Zuvor hatte die Tageszeitung JoongAng Ilbo unter Berufung auf Geheimdienstkreise berichtet, dass es seit vergangener Woche eine starke Zunahme der Aktivitäten am Atomtestgelände Punggye Ri im Nordosten Nordkoreas gibt. Personal und Fahrzeuge würden zunehmend bewegt. "Wir beobachten die Situation ganz genau. Sie ist sehr ähnlich der Situation, wie sie vor dem dritten Atomtest war", zitierte die Zeitung einen hochrangigen Regierungsbeamten. Allerdings schränkte dieser ein, dass es sich dabei möglicherweise um ein Täuschungsmanöver handelt, mit dem die US-Satellitenaufklärung in die Irre geführt werden soll. "Vielleicht wollen die einfach nur den Druck auf uns und die USA verstärken."

In Punggye Ri hatte Nordkorea nach 2006 und 2009 Mitte Februar trotz internationaler Warnungen zum dritten Mal eine Atomwaffe getestet. Daraufhin verhängte der UN-Sicherheitsrat verschärfte Sanktionen gegen Nordkorea , das seitdem wiederum immer neue Drohungen vor allem gegen die USA und Südkorea ausgesprochen hat. So erklärte das isolierte Land dem Süden den Kriegszustand und drohte den USA mit einem atomaren Schlag . Zudem verlegte das nordkoreanische Militär inzwischen zwei Mittelstrecken-Raketen an seine Ostküste und installierte sie auf mobilen Abschussrampen. Die US-Regierung reagierte mit der Verlegung von Kampfflugzeugen und Kriegsschiffen in die Region.

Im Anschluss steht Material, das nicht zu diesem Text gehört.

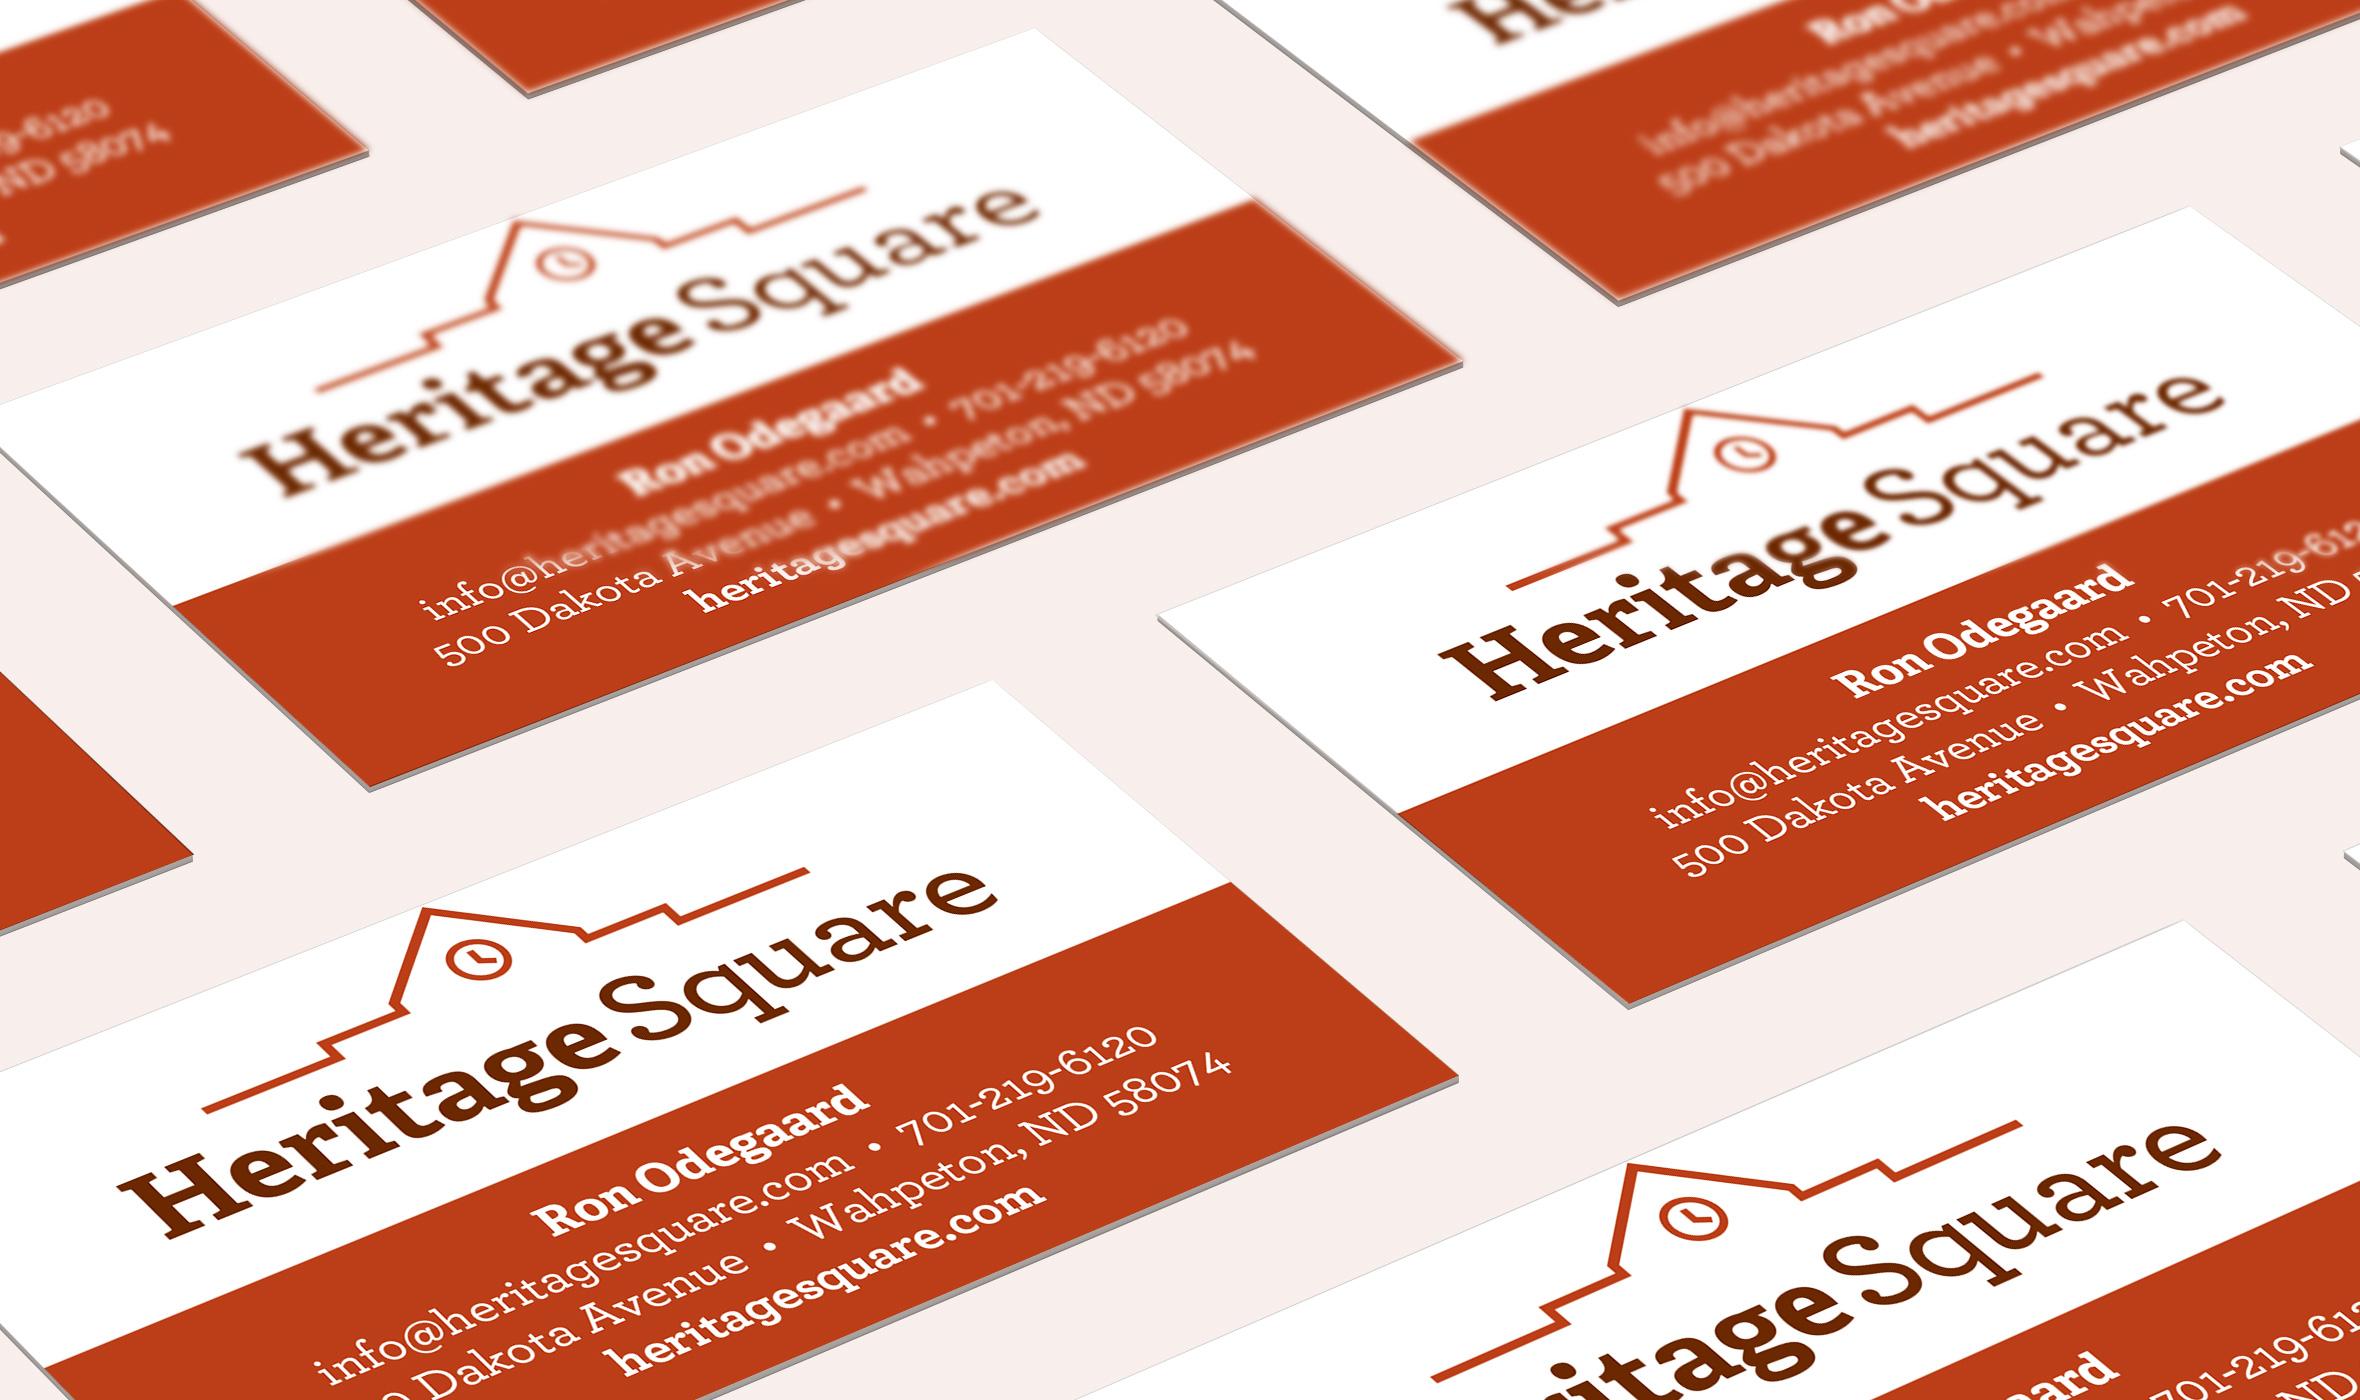 HeritageSquareBusinessCards

Auch China, bislang der wichtigste Verbündete Nordkoreas , zeigte sich "ernsthaft besorgt" über die jüngste Eskalation der Korea-Krise und warnte die Führung in Pjöngjang in ungewöhnlich scharfer Form vor einer weiteren Eskalation. Keinem Land dürfe erlaubt werden, eine Region oder gar die ganze Welt aus selbstsüchtigen Motiven ins Chaos zu stürzen, sagte der chinesische Präsident Xi Jinping .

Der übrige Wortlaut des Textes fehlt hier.